Problem statement:
Repeat exactly the lines of the entries below from the one with "Human hand holding" through the one with "(C)石田スイ/集英社 (C)舞台『東京喰種トーキョーグール』製作委員会", both ends included, and nothing else.
══ Data provided
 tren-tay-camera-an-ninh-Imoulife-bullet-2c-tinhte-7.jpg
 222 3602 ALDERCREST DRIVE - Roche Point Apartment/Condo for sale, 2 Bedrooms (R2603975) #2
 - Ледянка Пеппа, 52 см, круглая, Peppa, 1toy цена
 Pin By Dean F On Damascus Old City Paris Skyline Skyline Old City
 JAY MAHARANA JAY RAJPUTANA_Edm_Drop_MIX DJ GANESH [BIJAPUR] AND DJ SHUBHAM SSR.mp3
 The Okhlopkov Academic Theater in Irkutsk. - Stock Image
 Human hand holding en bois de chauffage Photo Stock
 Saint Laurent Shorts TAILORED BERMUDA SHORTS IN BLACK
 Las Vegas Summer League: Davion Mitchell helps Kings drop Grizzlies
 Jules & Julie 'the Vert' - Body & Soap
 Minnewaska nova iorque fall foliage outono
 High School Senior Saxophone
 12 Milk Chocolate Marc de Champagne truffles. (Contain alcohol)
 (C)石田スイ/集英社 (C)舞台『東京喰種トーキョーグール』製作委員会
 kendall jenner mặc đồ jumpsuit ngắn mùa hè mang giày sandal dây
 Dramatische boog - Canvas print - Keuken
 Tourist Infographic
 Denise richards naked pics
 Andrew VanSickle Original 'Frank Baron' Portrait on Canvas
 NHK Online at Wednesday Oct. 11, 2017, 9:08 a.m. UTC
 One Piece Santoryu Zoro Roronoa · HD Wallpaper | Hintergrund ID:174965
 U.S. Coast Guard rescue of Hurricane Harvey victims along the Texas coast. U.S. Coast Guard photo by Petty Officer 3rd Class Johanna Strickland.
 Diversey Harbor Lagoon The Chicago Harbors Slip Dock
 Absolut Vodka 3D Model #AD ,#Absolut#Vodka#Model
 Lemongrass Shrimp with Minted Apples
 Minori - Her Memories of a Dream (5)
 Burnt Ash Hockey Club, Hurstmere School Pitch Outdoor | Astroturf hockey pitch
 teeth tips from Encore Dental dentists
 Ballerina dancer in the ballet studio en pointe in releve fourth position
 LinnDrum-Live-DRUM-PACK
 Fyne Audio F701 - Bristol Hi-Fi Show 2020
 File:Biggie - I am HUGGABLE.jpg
════
Answer below:
 Human hand holding en bois de chauffage Photo Stock
 Saint Laurent Shorts TAILORED BERMUDA SHORTS IN BLACK
 Las Vegas Summer League: Davion Mitchell helps Kings drop Grizzlies
 Jules & Julie 'the Vert' - Body & Soap
 Minnewaska nova iorque fall foliage outono
 High School Senior Saxophone
 12 Milk Chocolate Marc de Champagne truffles. (Contain alcohol)
 (C)石田スイ/集英社 (C)舞台『東京喰種トーキョーグール』製作委員会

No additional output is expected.